One of the big questions in this case relates to the role that religion, specifically Mormonism, has played. Here I will offer up a caveat that I’ve offered up before. Mormonism didn’t make Chad and Lori do these terrible things, and you could go to traditional Mormon services for a hundred years without hearing anything as bizarre and demented as what Chad and Lori reportedly believed. But, even so, it is my view that you cannot understand this case without understanding Mormonism. Simply put, I believe Mormon ideas led Chad and Lori to believe they were special while Mormon practice left them feeling like they’d been overlooked.
Melani was raised in the same religious environment. But her sin is much more ordinary. She simply does something we all do from time to time: she blames others for her own failings. But here again Mormonism is relevant. It provides both a model for and justification of denying responsibility.

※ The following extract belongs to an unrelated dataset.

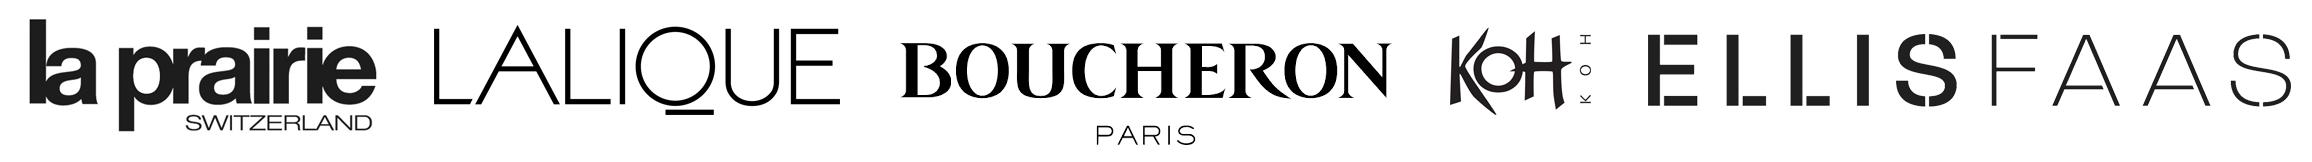 Merken-van-Partout-Parfumerie

Earlier this month, when the Black Lives Matter protests were spreading, Mormon Church president Russell M. Nelson said “We abhor the reality that some would deny others respect and the most basic of freedoms because of the color of his or her skin.” He also pleaded with everyone to foster “mutual respect” and “an outpouring of love for all of God’s children.” But here’s what President Nelson didn’t do. He didn’t acknowledge, let alone apologize for, the Church’s role in reinforcing racial prejudices by withholding full membership privileges from black people for decades.
President Nelson’s sentiments are nice in the same way that Melani’s plea for withholding “negative feelings” and just exhibiting “love” is nice. But that’s all they are. Melani’s sentimental outpouring of love for Tylee and JJ won’t bring them back. And worse, it risks co-opting their tragic and beautifully specific stories into our inane and ever-expanding culture war. For shame.